New York City – “Greetings, From My Hairy Nuts” – Sotheby’s Auction House – July 24, 2002

After tonight’s gig in New York, we have a whole week off in Colorado. I can’t overemphasize how excited I am to see my fiance! But it’s too early to get worked up. Though our flight home is less than 24 hours away, we still have four states to visit before take-off.
The day kicked off in New Jersey, where Soucy woke me with breakfast in bed? Suspicious. He hovered over me with a lukewarm coffee and a bagel, ever so slightly smudged with cream cheese. He gave a little throat clearing, eh hem, and gently grazed my shoulder with the underside of his paper plate. Soucy is nice, but never this nice. I stumbled in the sheets to insinuate my reluctance to get up.
“Come on, Sal,” he announced with unreasonable charm. “It’s Raptor Trust day!”
Ah. Now it all made sense. The Raptor Trust, if you aren’t already aware, is a bird rehabilitation sanctuary in New Jersey. It’s operated by Soucy’s parents and is the childhood home of my continental breakfast carrying guitarist. I should have remembered it was bird day!
As we slid through the backroads of Soucy’s hometown, he pointed to places of interest like an enthusiastic tour guide — his best friend in fifth-grade’s home, unrequited loves parents’ house, favorite stoner hangouts, and the pièce de résistance, the site of his first french kiss.
Unfortunately, our Soucy tour made me late for my interview with Paper Magazine, and I spent the first hour of my visit, glued to a phone in the Soucy’s living room.


When I finally emerged, I joined the band on the continuation of the Soucy tour around The Raptor Trust grounds. Chris proudly showed us the inner workings of his family’s organization. He demonstrated how to feed baby birds with tiny instruments inserted into cup like, screaming mouths. He explained the process of freezing rodents to make yummy rat pops for hungry adult raptors.

I got to hold a barred owl and a beautiful eagle with an injured wing. But to stay on top of our busy schedule, our bird handling would have to be cut short.


Bidding a grateful adieu to Mr. and Mrs. Soucy, we cruised over the bridge and down the FDR toward New York City. Our destination? Sotheby’s. Yes, that’s right, that Sotheby’s.
Was playing a set at Sotheby’s even a thing? Turns out, not really—we found ourselves in the middle of some big opening event for a new Miguel Calderon exhibit. Load in included riding up in a freight elevator next to a $5 million Andy Warhol portrait. Our green room was crammed with precious artwork worth billions and we decided against making ourselves to comfortable, least the couch turn out to be a Thomas Molesworth or the drink tray, something once belonging to Louis Xiv.

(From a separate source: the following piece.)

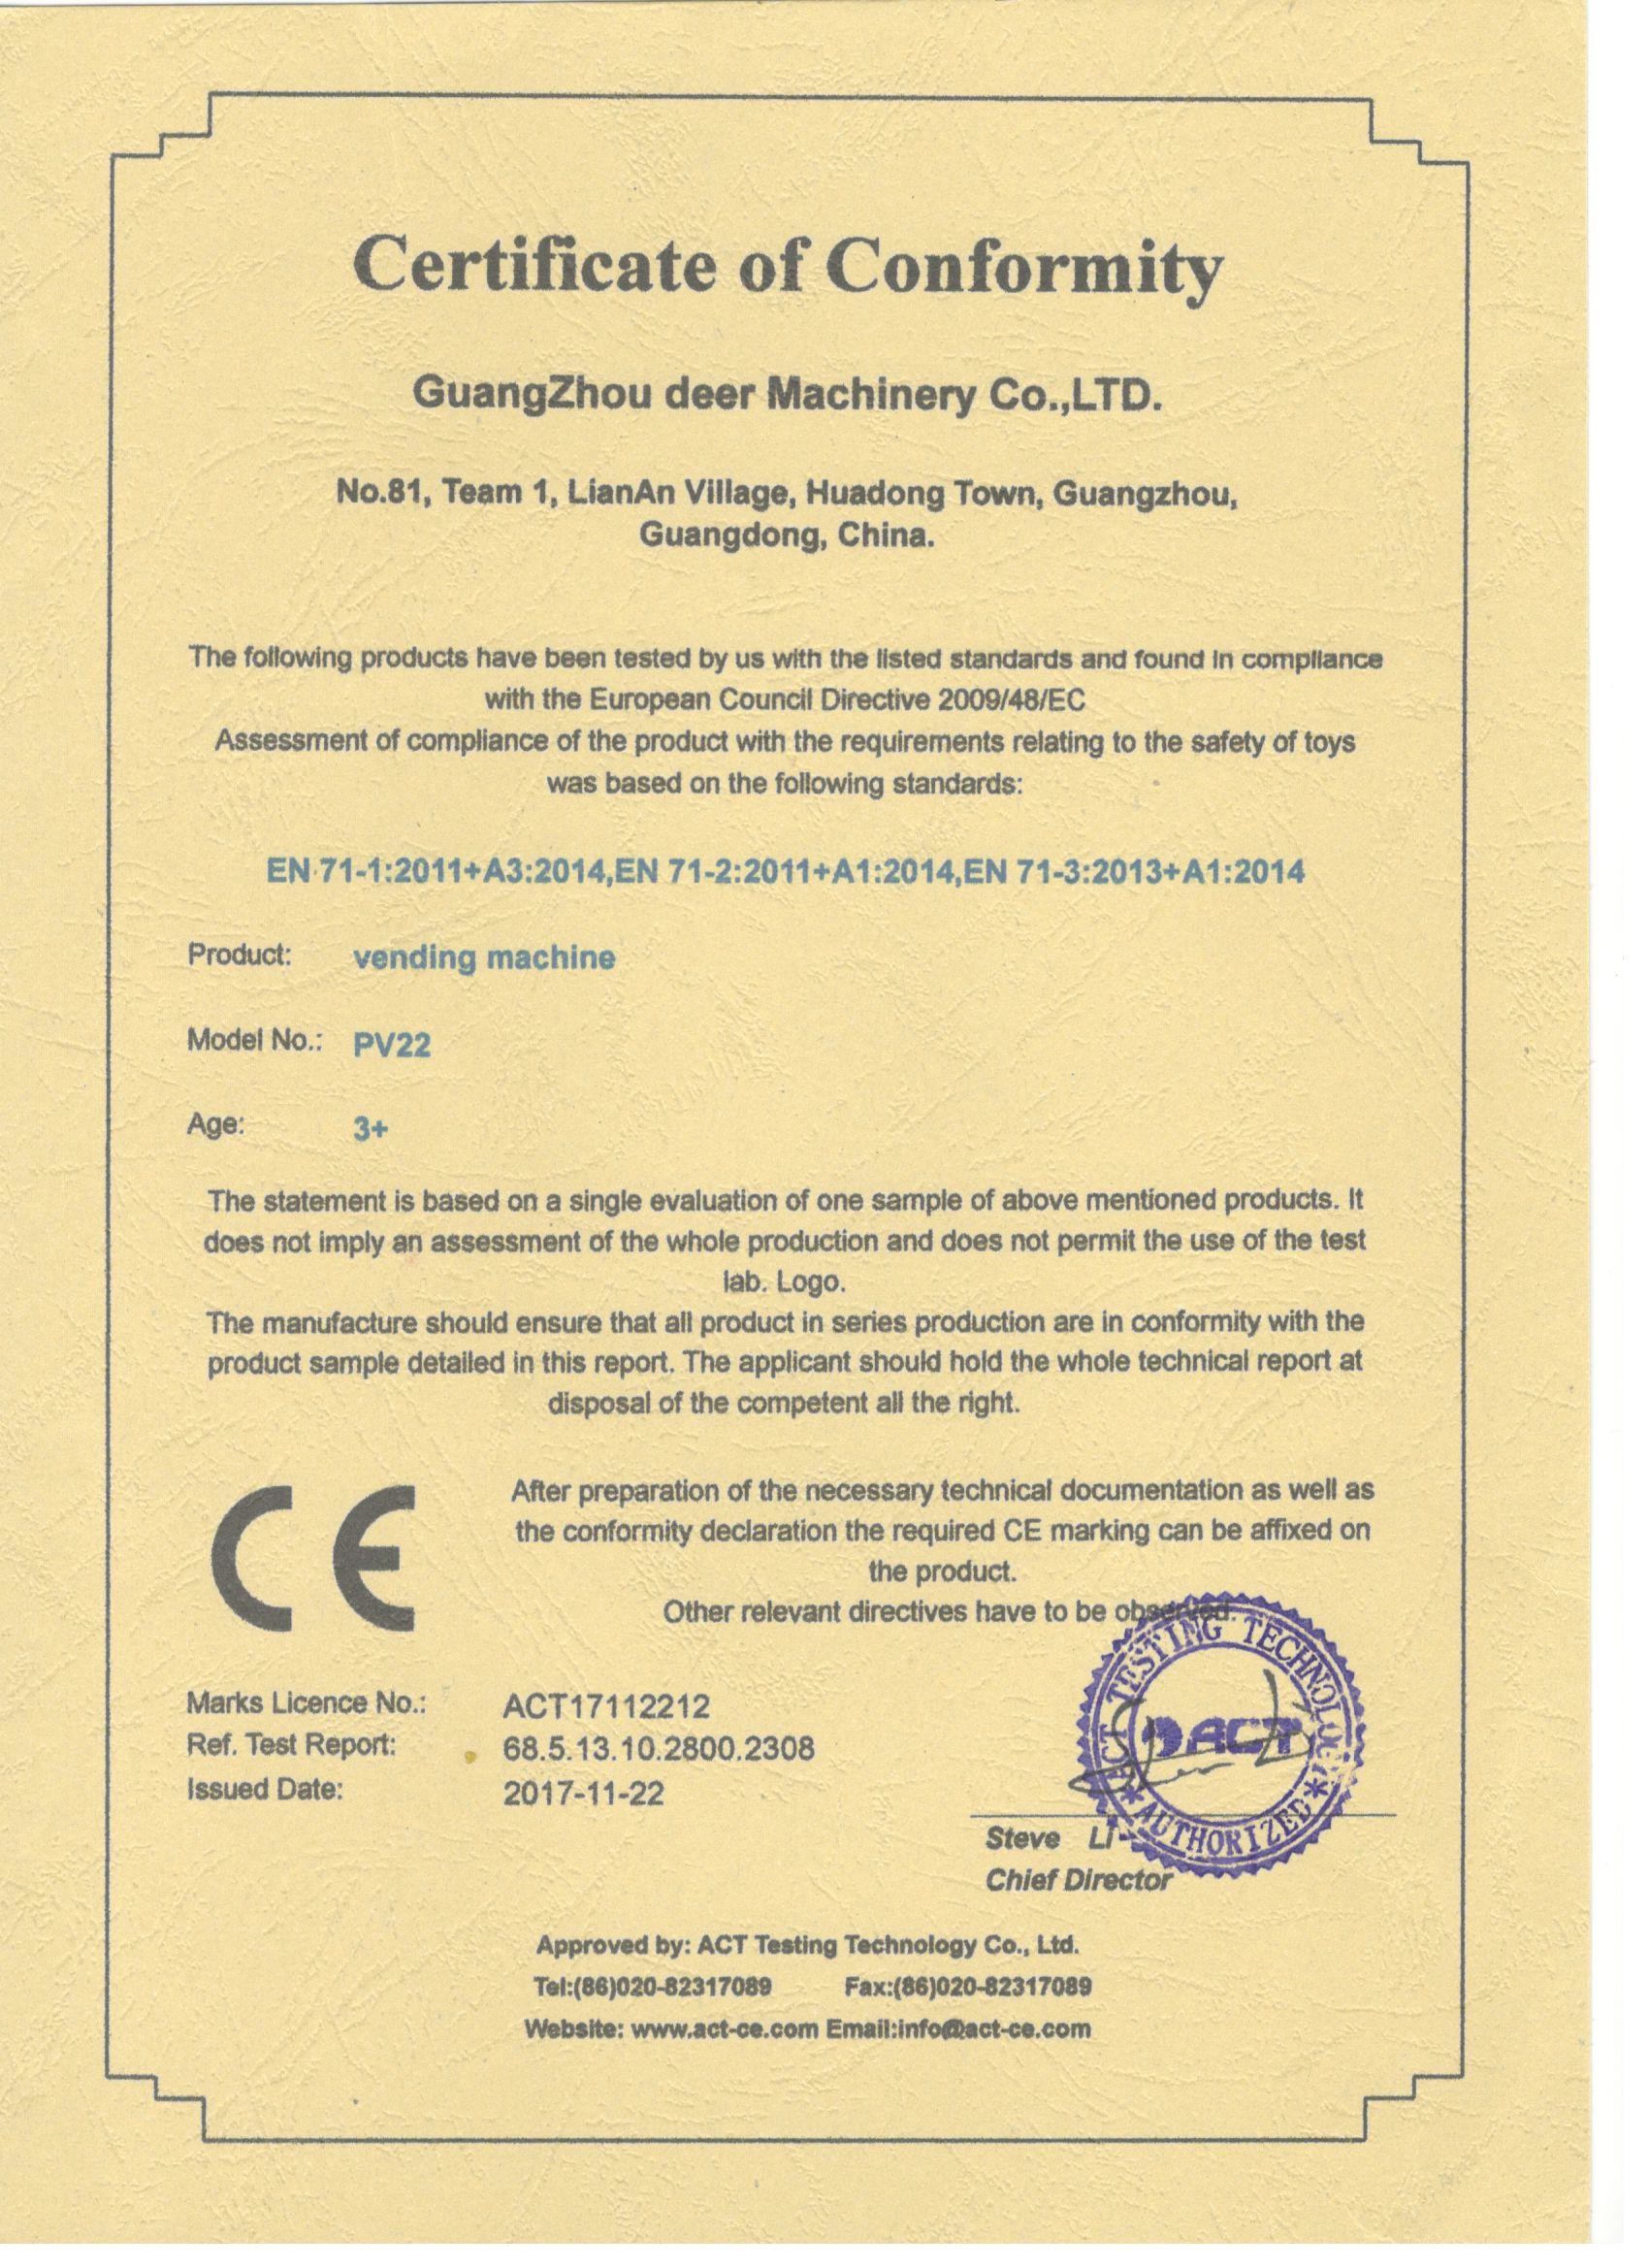 चीन Guangzhou Deer Machinery Co., Ltd. प्रमाणपत्र

After a brief sound check I decided to amble around the newly hung gallery. The artwork was quite shocking (which is really saying something. I am not easily shocked). Off to stage left was an series called “Greetings from my Hairy Nuts” featuring Miguel’s balls against scenic postcard backdrops — tiny paper mâché action figures vacationing, diving, and fishing on the artist’s hairy nuts. Off stage right was a series of photographs showcasing a wannabe gangster shooting taxidermied safari animals with a Magnum.
Our makeshift stage was in the main hall and when I took the mic, I pretended I was only there to auction off some of the instruments (insisting the players came with them). The audience seemed to enjoy my bit and played along. Sotheby’s was soon packed with music enthusiasts, two of whom came from 6 hours away in Syracuse just to see us. They shouted and sang along to all my songs (even the words I forgot). The whole event was a surreal experience — more dream than reality, and over too soon. Once again, we were rushing to stay ahead of our unreasonably tight schedule.
This last bit was going to be the tricky part—the dismount if you will. I’d made reservations at The Spring Hill Suites in New London, and figured we could get there by midnight to kack out for a while before heading onto Boston for the flight. But there was construction traffic and cars dripped through the interstate like water through a leaky faucet. Dino took the first shift and I, in shotgun, fell asleep to the lull of classical music over crackly FM airwaves.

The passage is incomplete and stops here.